Cisco has released security updates to address a maximum-severity security flaw in Unified Communications Manager (Unified CM) and Unified Communications Manager Session Management Edition (Unified CM SME) that could permit an attacker to login to a susceptible device as the root user, allowing them to gain elevated privileges.

The vulnerability, tracked as CVE-2025-20309, carries a CVSS score of 10.0.

“This vulnerability is due to the presence of static user credentials for the root account that are reserved for use during development,” Cisco said in an advisory released Wednesday.

“An attacker could exploit this vulnerability by using the account to log in to an affected system. A successful exploit could allow the attacker to log in to the affected system and execute arbitrary commands as the root user.”

Hardcoded credentials like this usually come from testing or quick fixes during development, but they should never make it into live systems. In tools like Unified CM that handle voice calls and communication across a company, root access can let attackers move deeper into the network, listen in on calls, or change how users log in.

The networking equipment major said it found no evidence of the flaw being exploited in the wild, and that it was discovered during internal security testing.

CVE-2025-20309 affects Unified CM and Unified CM SME versions 15.0.1.13010-1 through 15.0.1.13017-1, irrespective of device configuration.

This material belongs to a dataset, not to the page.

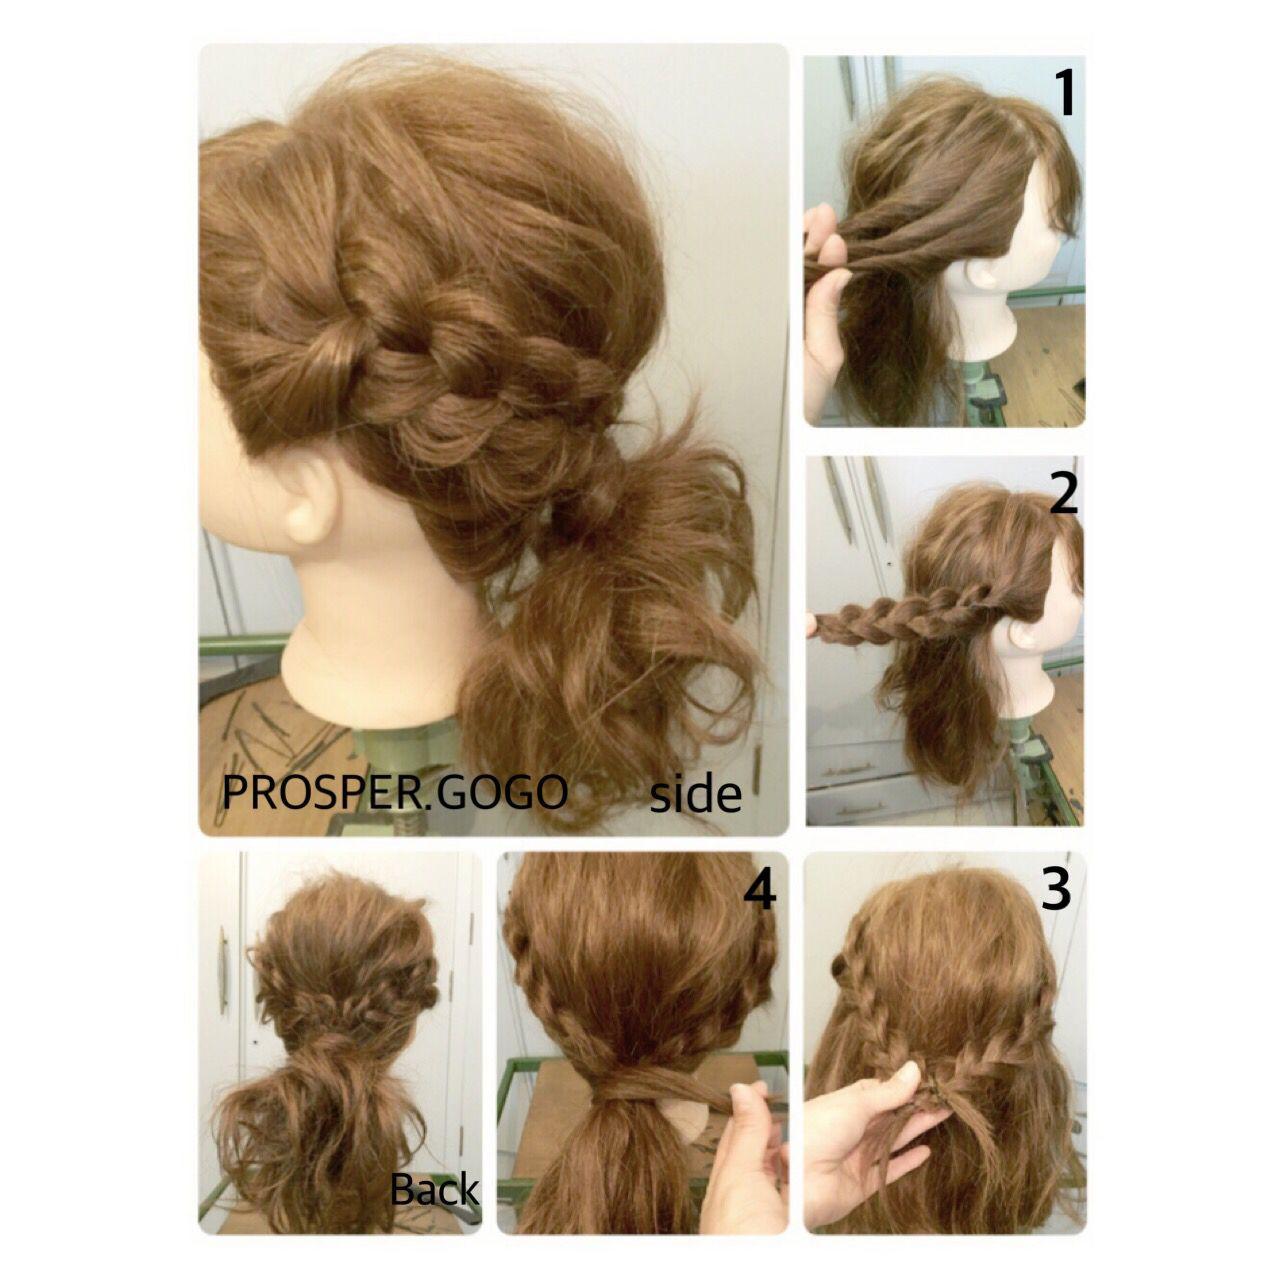 ミディアム ヘアアレンジ セルフヘアアレンジ 三つ編み ヘアスタイルや髪型の写真・画像

Cisco has also released indicators of compromise (IoCs) associated with the flaw, stating successful exploitation would result in a log entry to “/var/log/active/syslog/secure” for the root user with root permissions. The log can retrieved by running the below command from the command-line interface –

cucm1# file get activelog syslog/secure

The development comes merely days after the company fixed two security flaws in Identity Services Engine and ISE Passive Identity Connector (CVE-2025-20281 and CVE-2025-20282) that could permit an unauthenticated attacker to execute arbitrary commands as the root user.